RAW DATA:
━━━

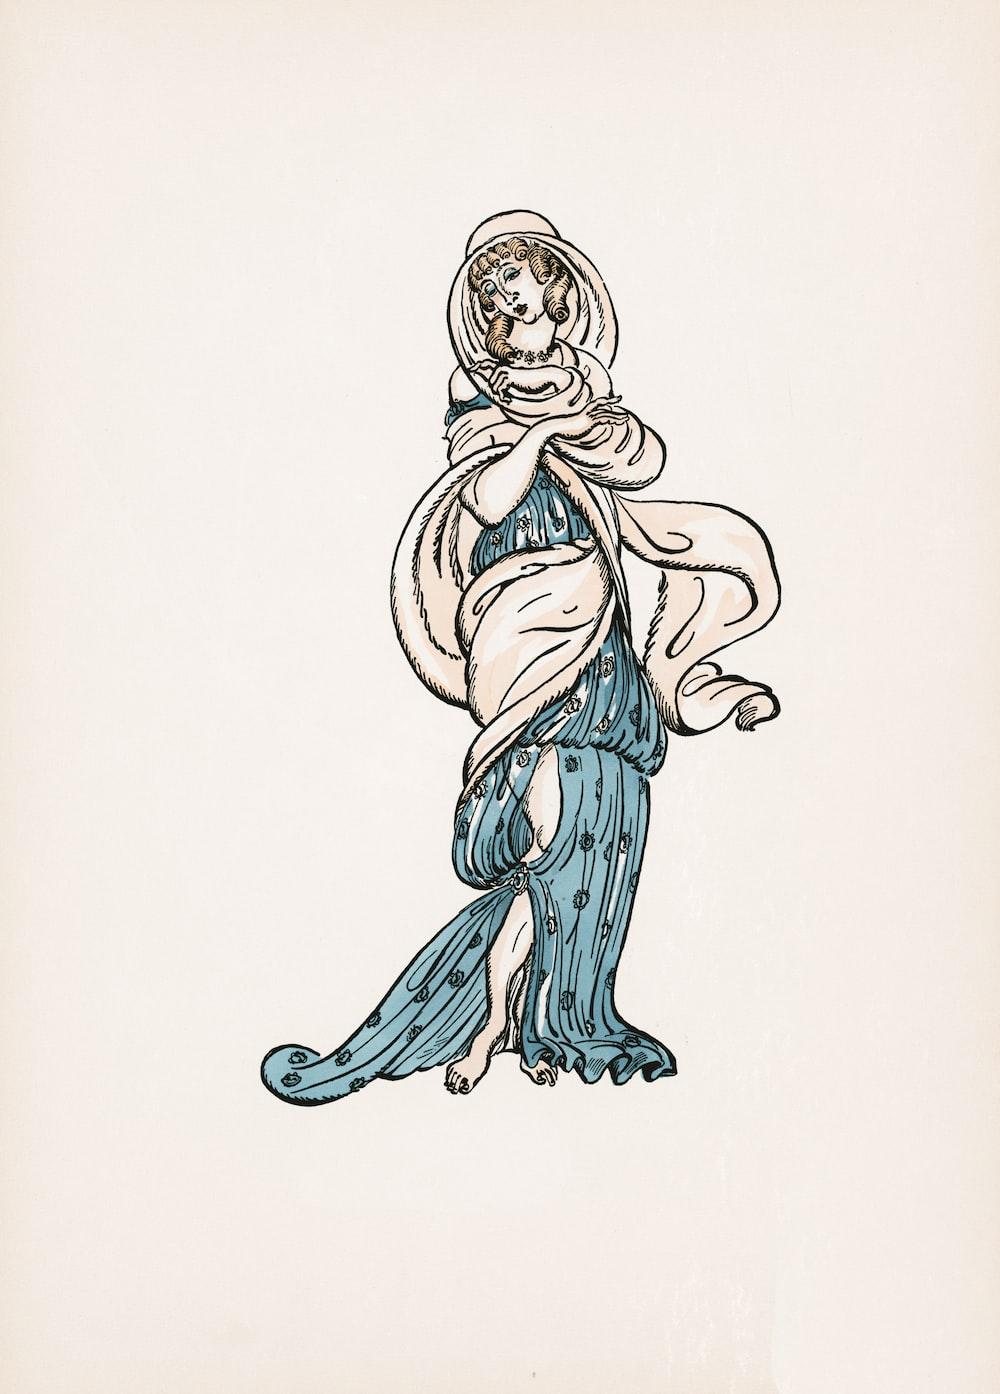 woman in blue dress illustration
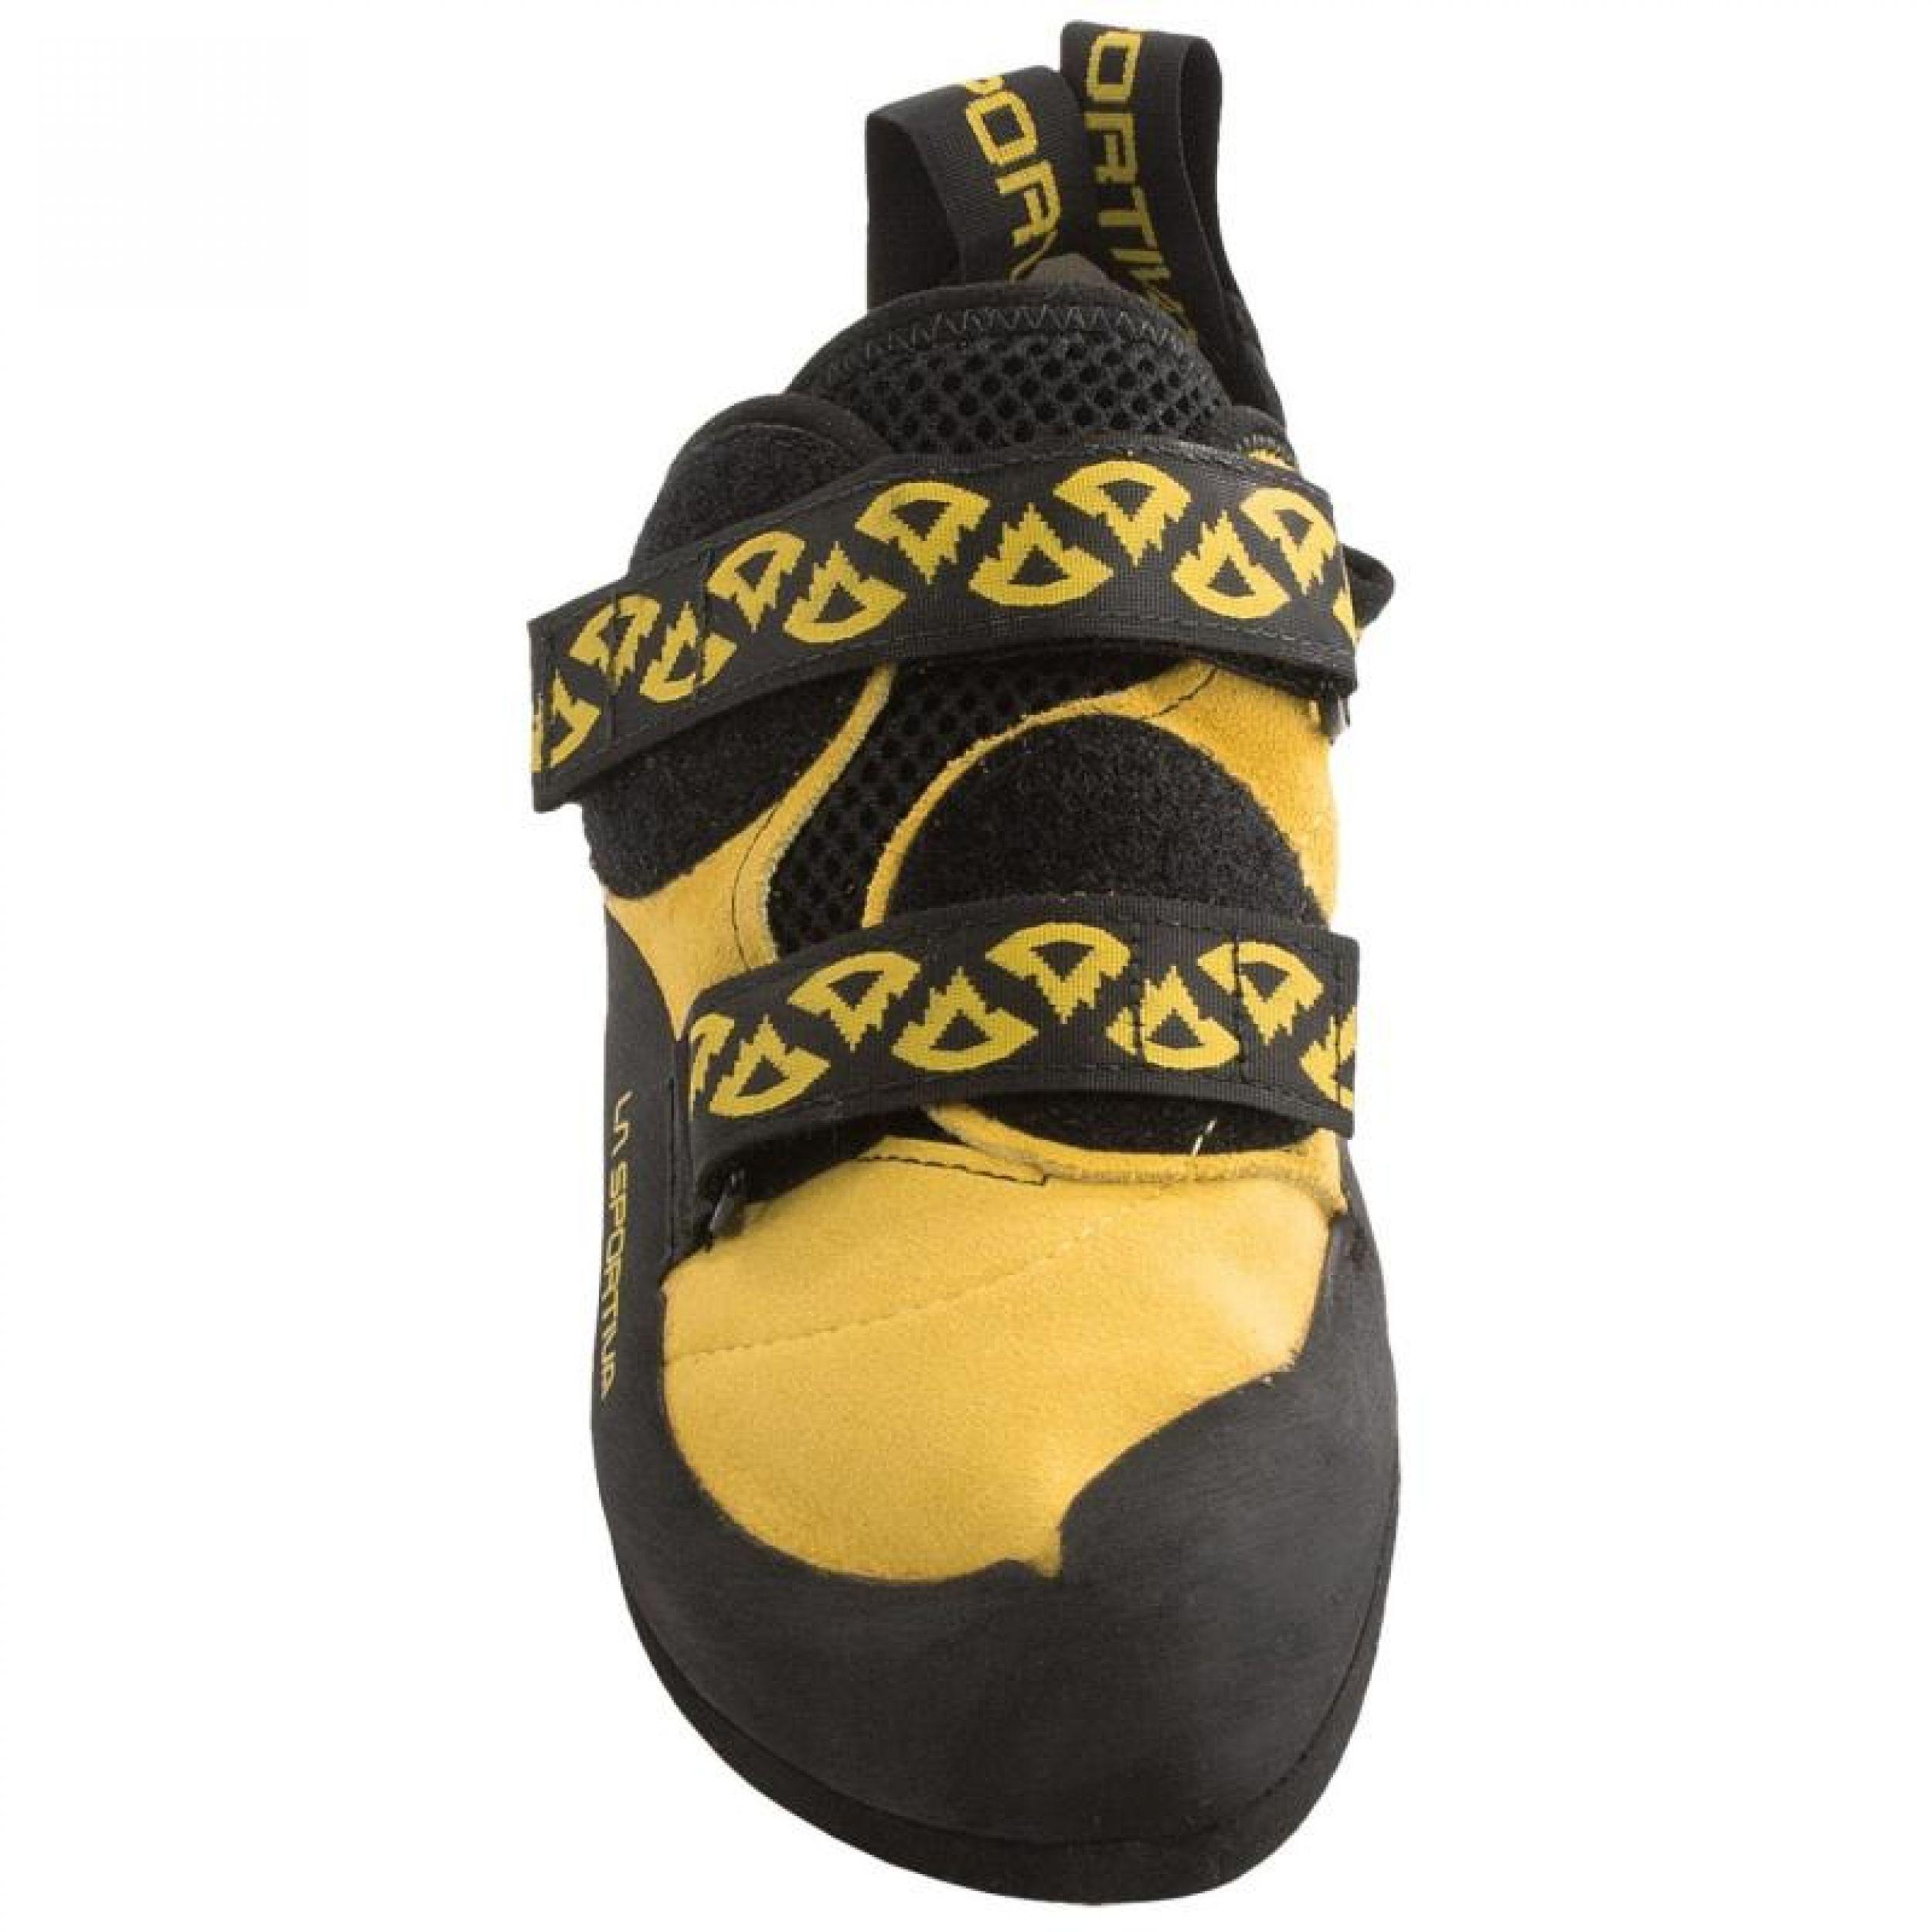 la-sportiva-katana-climbing-shoes-for-men-and-women-a-8411m_2-1500.1.jpg
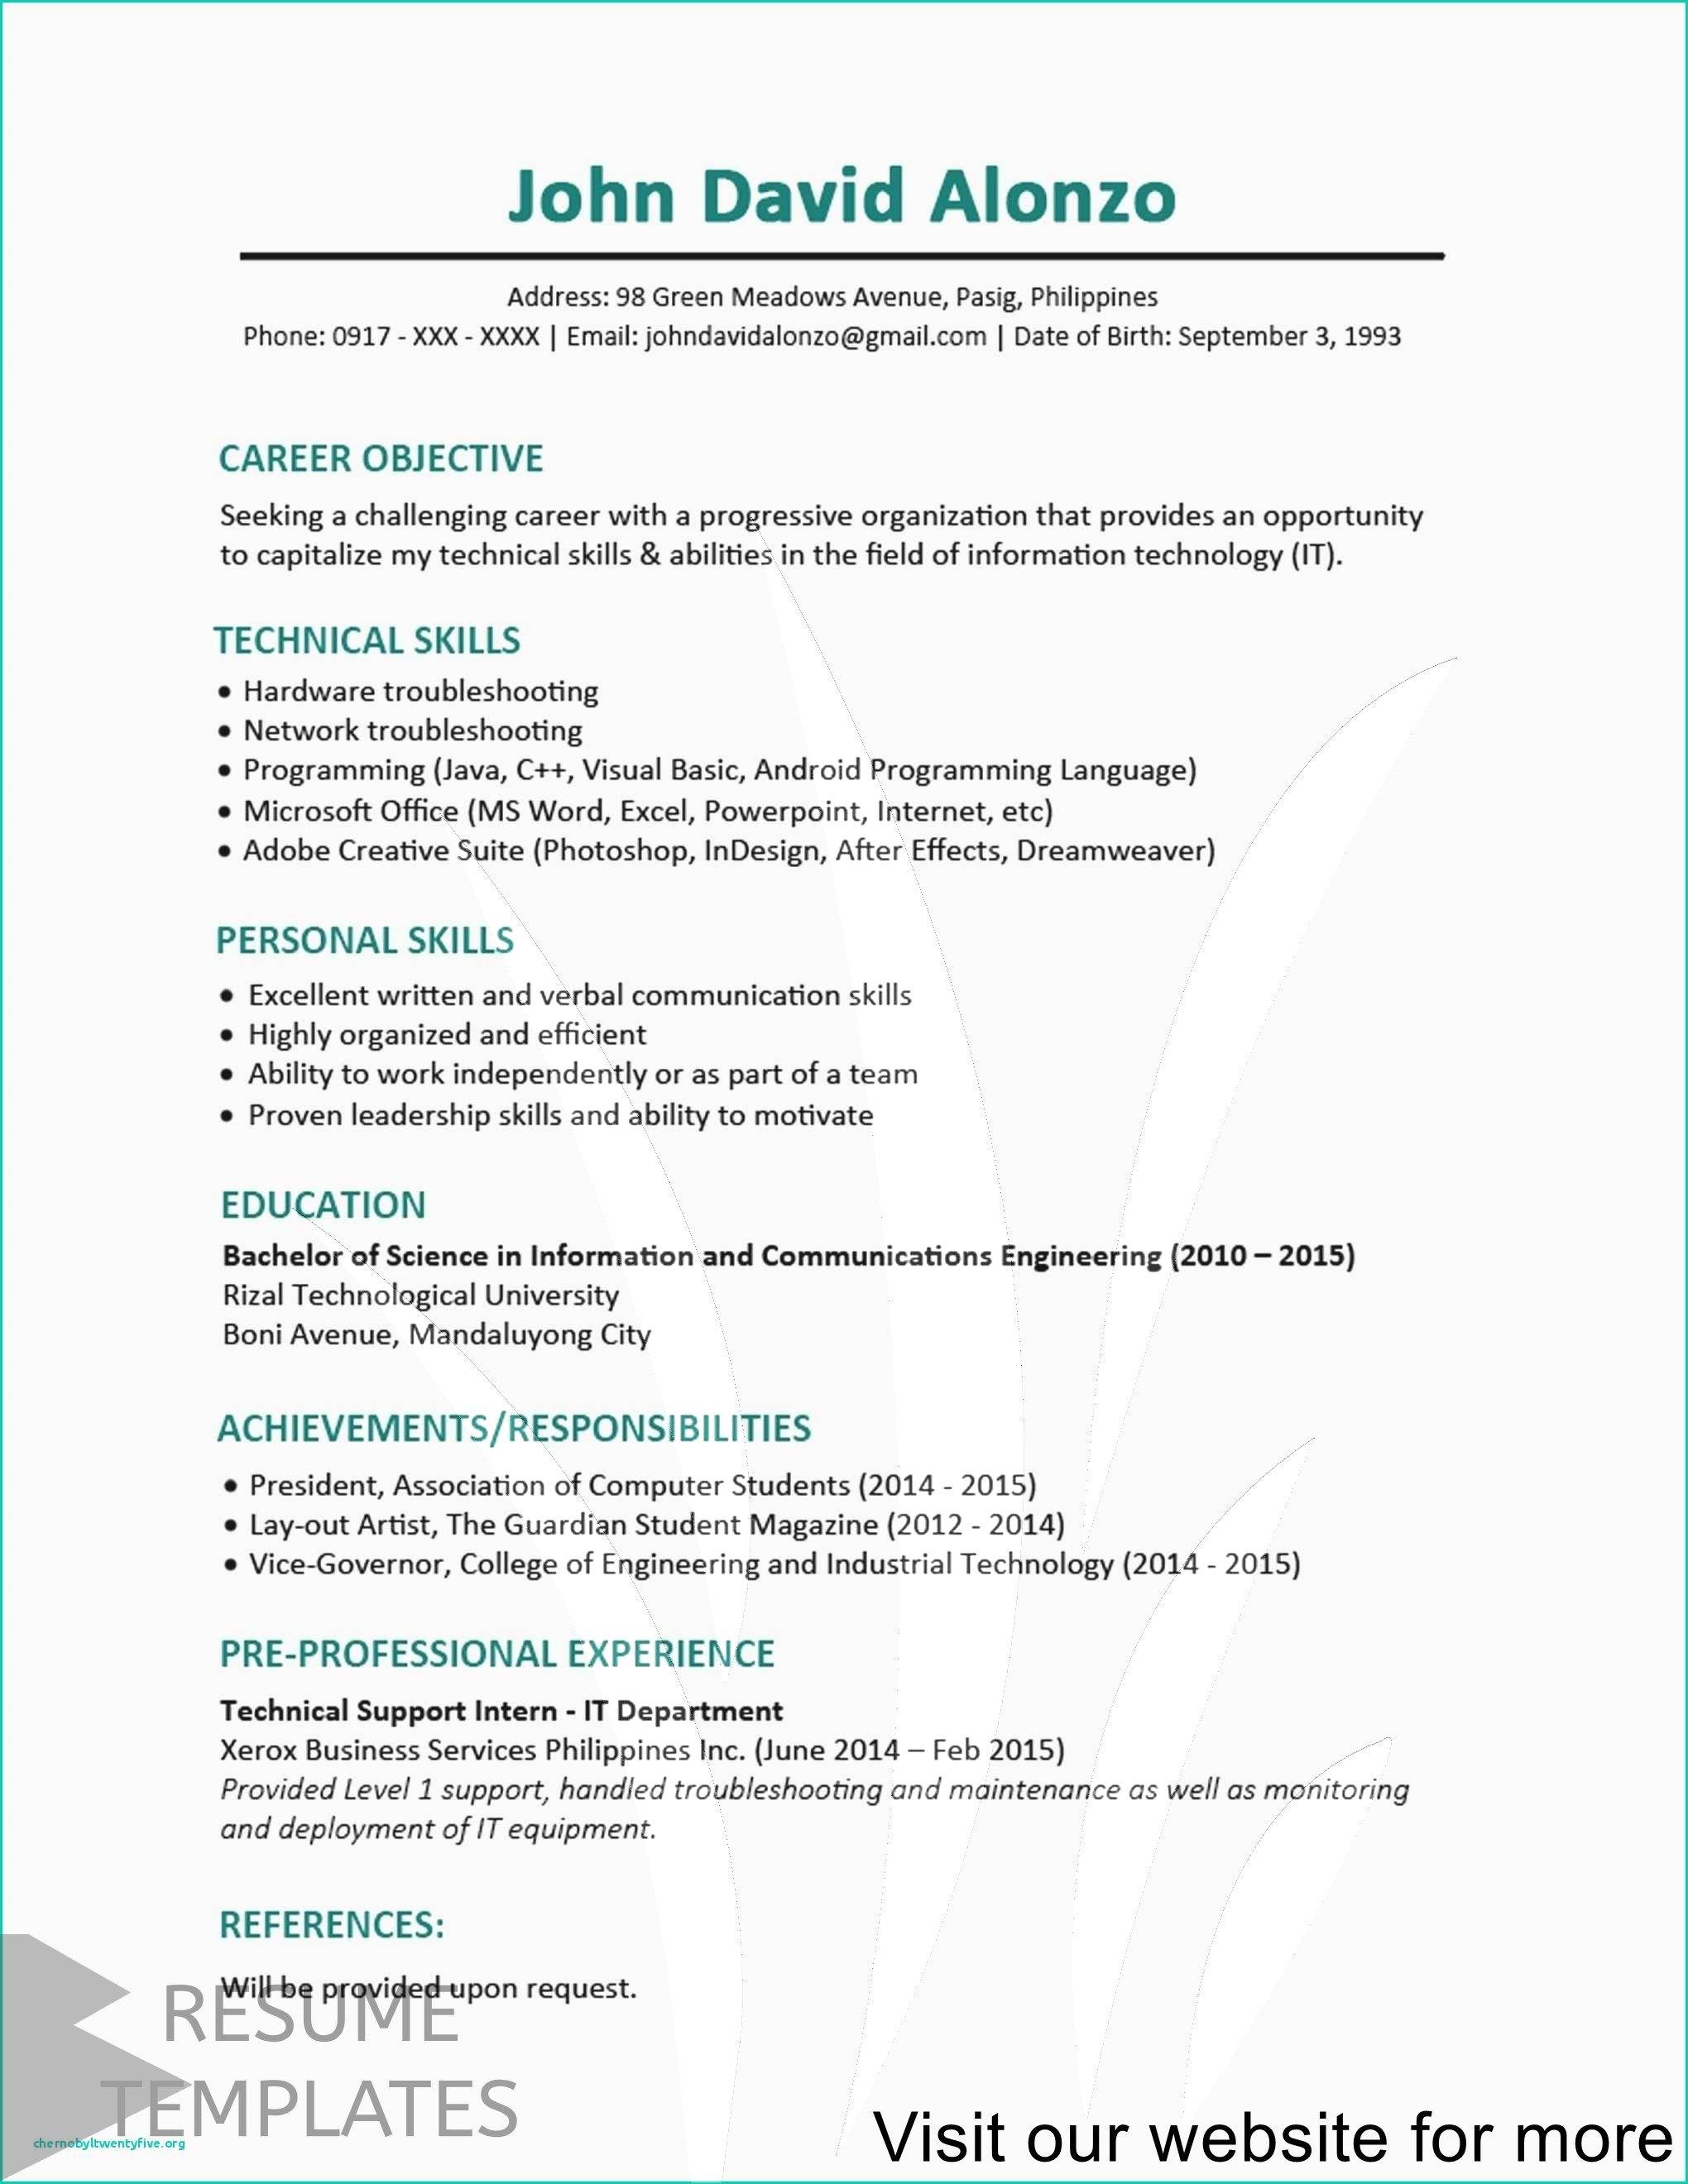 Resume Template Pdf Best Resume Template Professional Resume Template Resume Writing Tips

━━━

WHAT THE EXERCISE ASKS: Repeat the material verbatim but without any of its pictures.

TASK ANSWER:
 woman in blue dress illustration
 la-sportiva-katana-climbing-shoes-for-men-and-women-a-8411m_2-1500.1.jpg
 Resume Template Pdf Best Resume Template Professional Resume Template Resume Writing Tips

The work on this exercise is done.